§ Provided data:
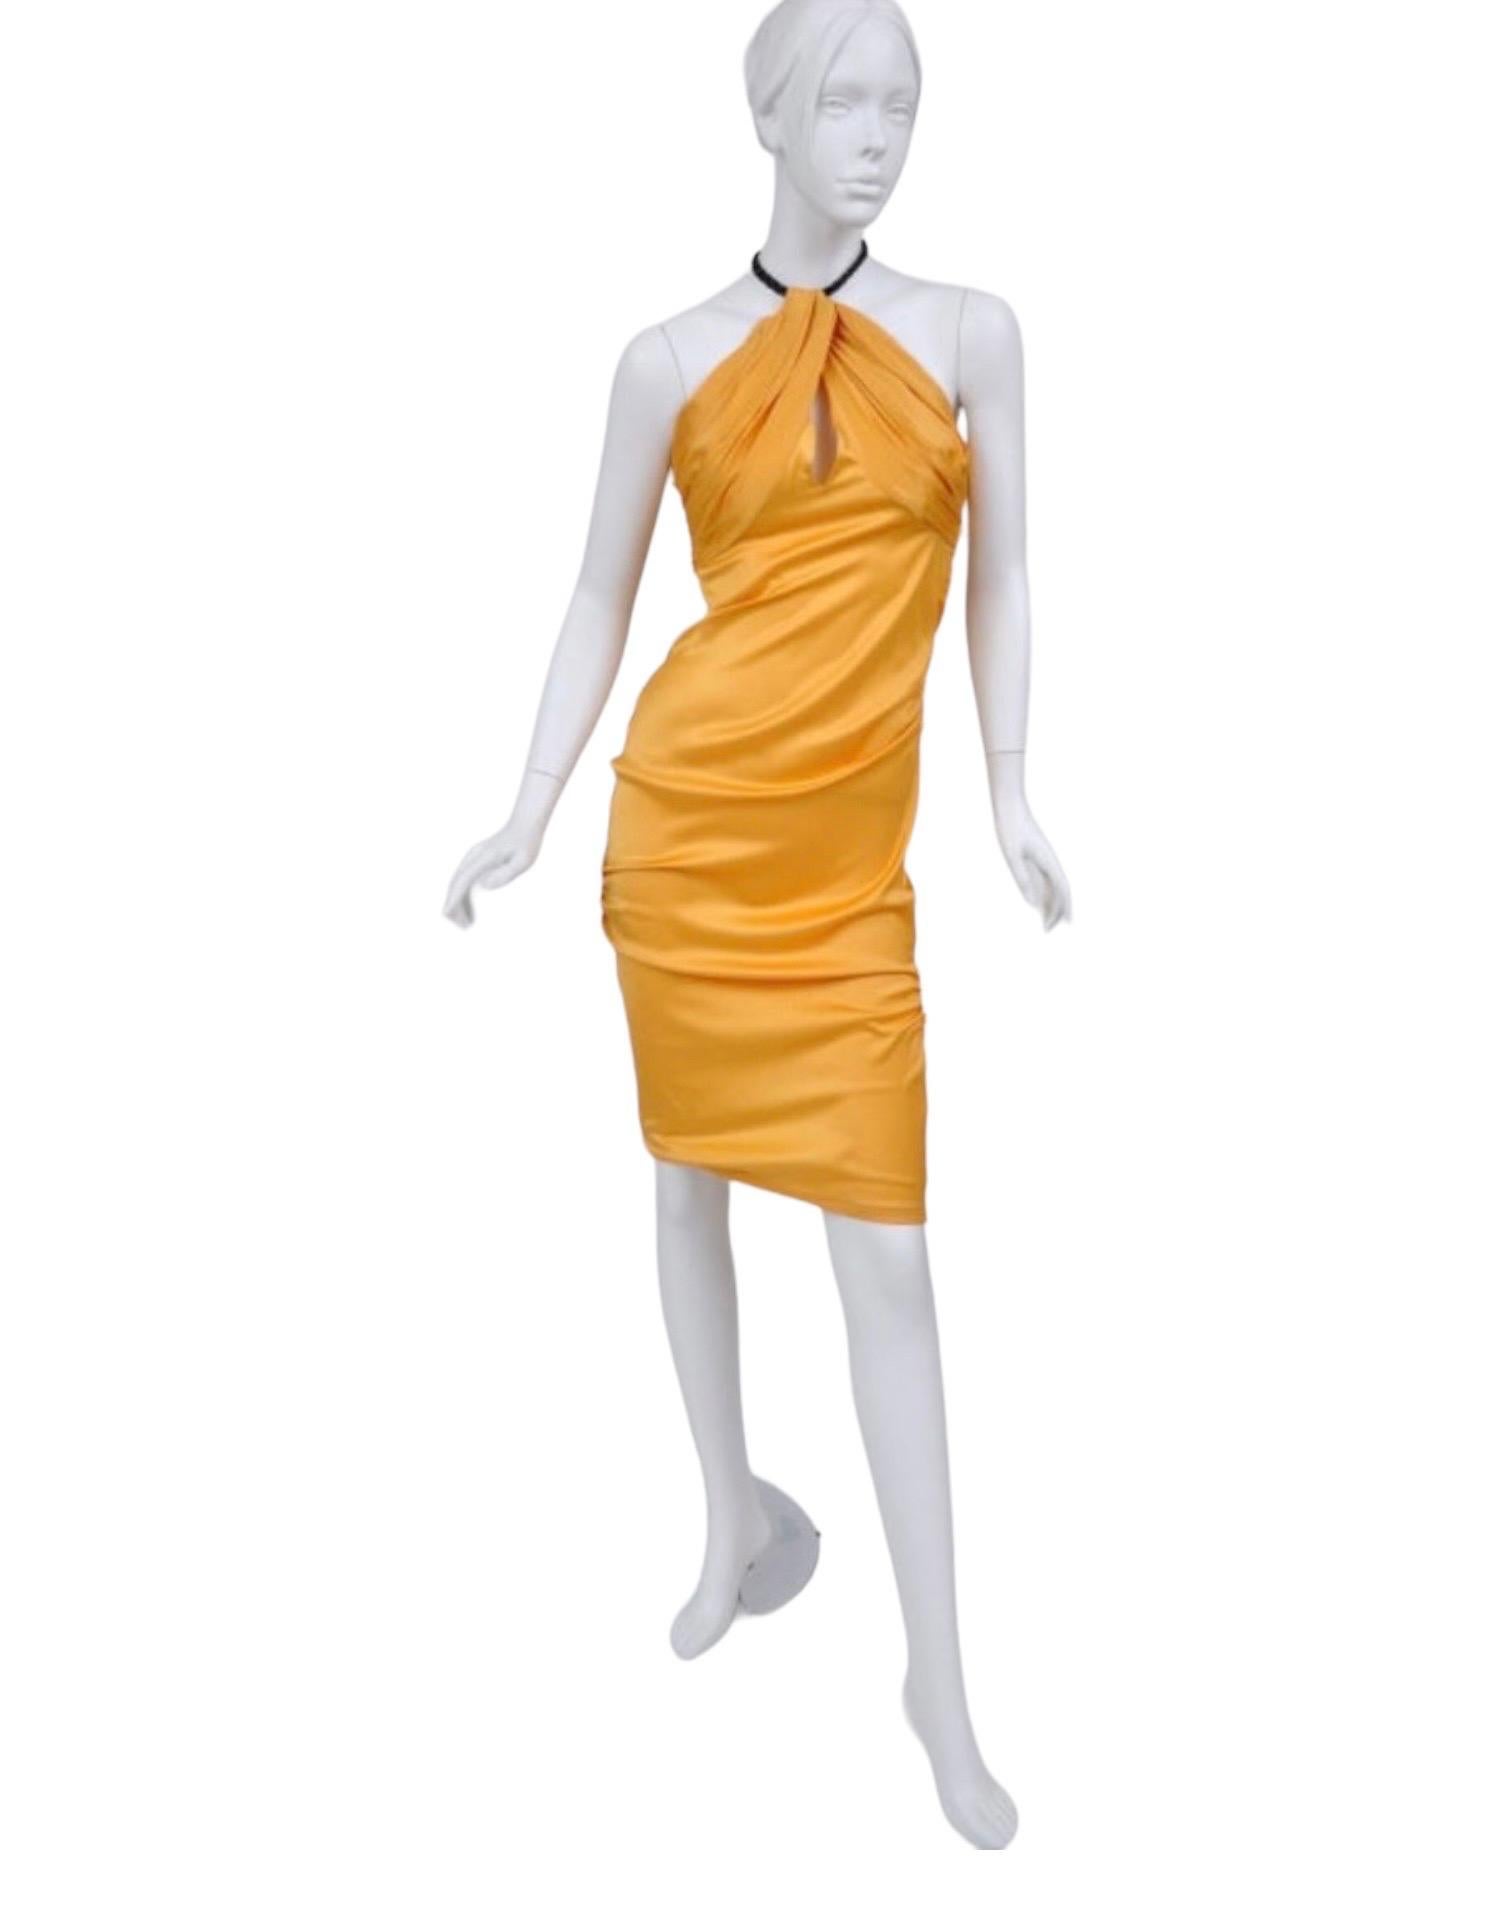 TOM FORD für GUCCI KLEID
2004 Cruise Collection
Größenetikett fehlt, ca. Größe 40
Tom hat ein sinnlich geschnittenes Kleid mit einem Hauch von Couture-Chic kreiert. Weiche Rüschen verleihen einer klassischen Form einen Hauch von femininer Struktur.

§ What is being asked:
Give the listing again word for word, without its images.

§ Written reply:
 TOM FORD für GUCCI KLEID
2004 Cruise Collection
Größenetikett fehlt, ca. Größe 40
Tom hat ein sinnlich geschnittenes Kleid mit einem Hauch von Couture-Chic kreiert. Weiche Rüschen verleihen einer klassischen Form einen Hauch von femininer Struktur.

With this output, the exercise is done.